Mia Like Crazy
Page 6
A few minutes after he disappeared into the kitchen, Drew returned with a plate and set it down in front of me. It contained scrambled eggs, bacon, and toast with butter. I realized I really was hungry, despite the heavy feeling I’d had in the pit of my stomach all morning.
“Is there someone in there cooking this?” I wondered out loud.
“Just me,” he answered.
I began eating and was surprised at how quickly I cleaned the plate.
“Wow, do you always eat like that?” he asked.
“I think I’m in a calorie deficit from yesterday, and this is pretty good. How is it you know how to cook?”
“It was my prison job.”
“Oh.” I was sorry I asked. That was the last thing I wanted to talk about this morning.
He smiled, apparently pleased he’d made a fool of me. “Actually, I learned when I was a kid. Satan didn’t like to take care of me, and I didn’t want to live on cold hot dogs and peanut butter sandwiches, so I taught myself to cook.”
So, the first distasteful statement was a joke, and the second heart-wrenching one was the truth. I wondered if I would ever get used to Drew’s weird sense of humor or his sudden bursts of brutal honesty.
Not knowing what else to say, I told the truth, too. “My dad wasn’t around and my mom…well, couldn’t take care of me much of the time, but it didn’t teach me any homemaking skills.”
“Yeah, I noticed.” He appeared to be teasing me more than judging me, so I smiled at him.
It was as though my smile reminded him of something. His expression became more serious. He stood up and went back into the kitchen without a word. I patted my lips lightly with my napkin, placed it on the table, and scooted my chair back a few inches. I wondered if I should take my plate to the kitchen or wait until he finished whatever he was doing in there.

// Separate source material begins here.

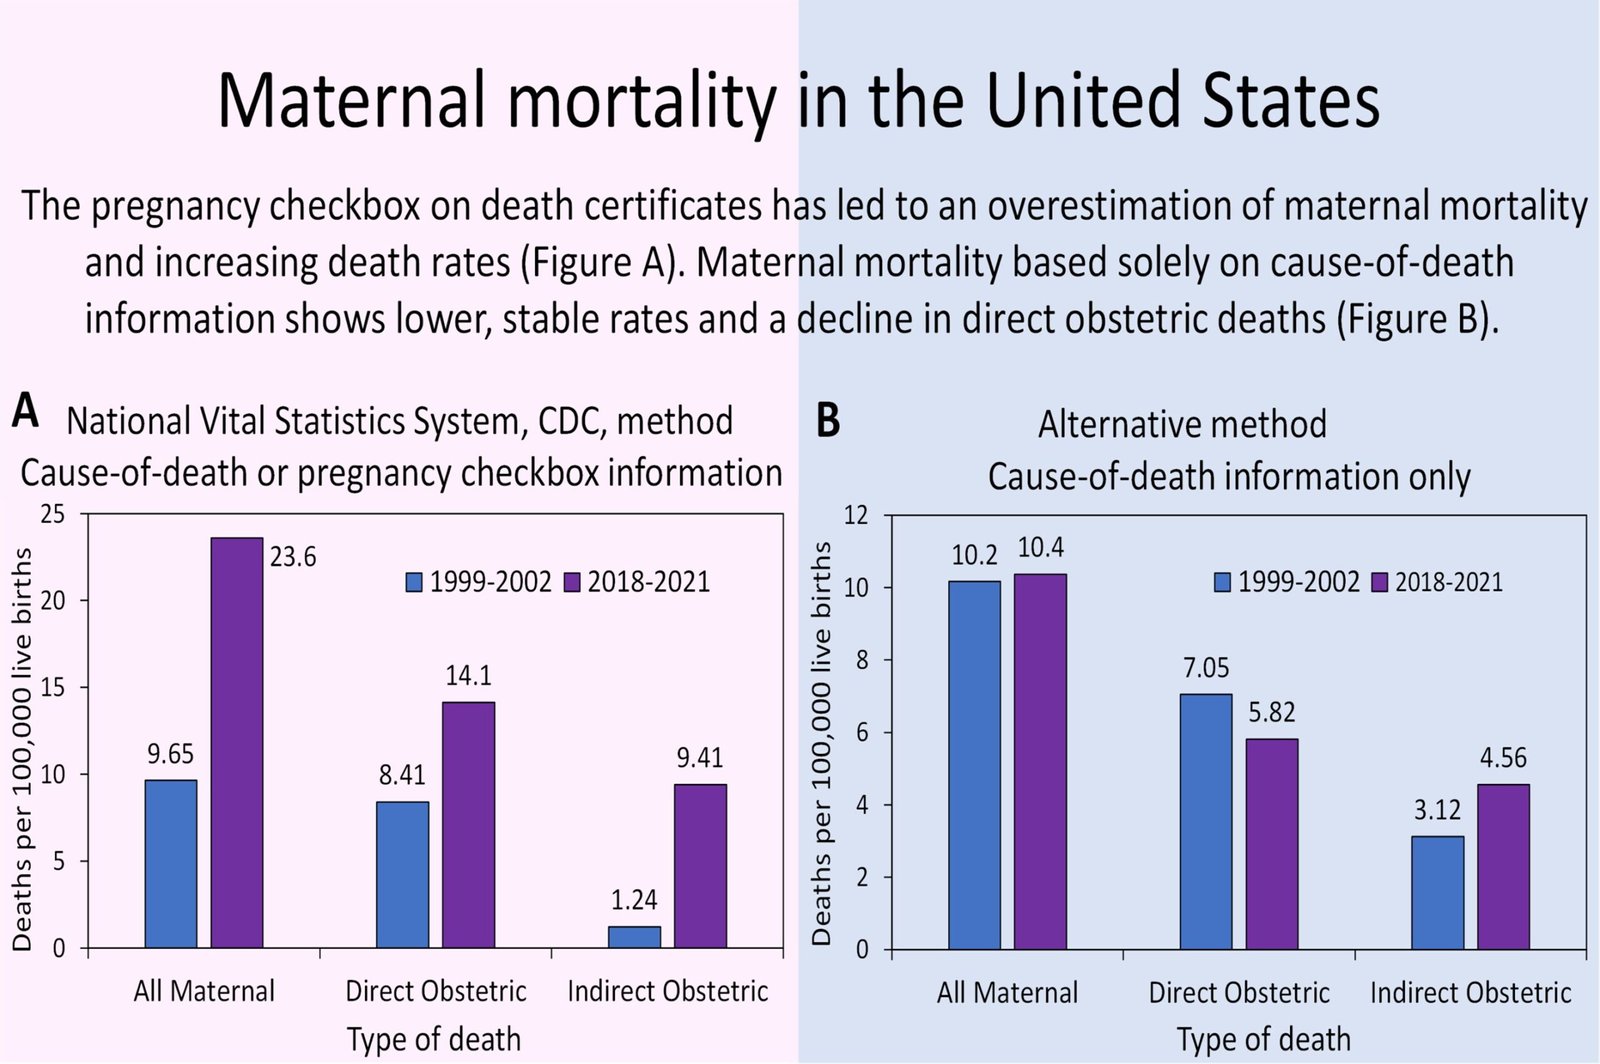 The US maternal death rate is stable, not skyrocketing, as reported

Seconds later, he reappeared and looked as though he was about to do something else, but noticed my dishes still sitting on the table. “Oh.” He grabbed my plate and utensils and hustled them back through the door.
He came back once more, and I steeled myself for what was coming. He was going to offer me the three million dollars again, and I was going to say…?
Suddenly, he was down on one knee directly in front of me. My heart stopped as he began what sounded like a prepared speech.
“Medina, I know we haven’t known each other long, but I feel like we’ve got a connection…or something.” He faltered, but recovered quickly. “I can’t imagine that a more beautiful, brilliant, or unusual woman exists on this planet, and I’m afraid of space travel. So, will you marry me?”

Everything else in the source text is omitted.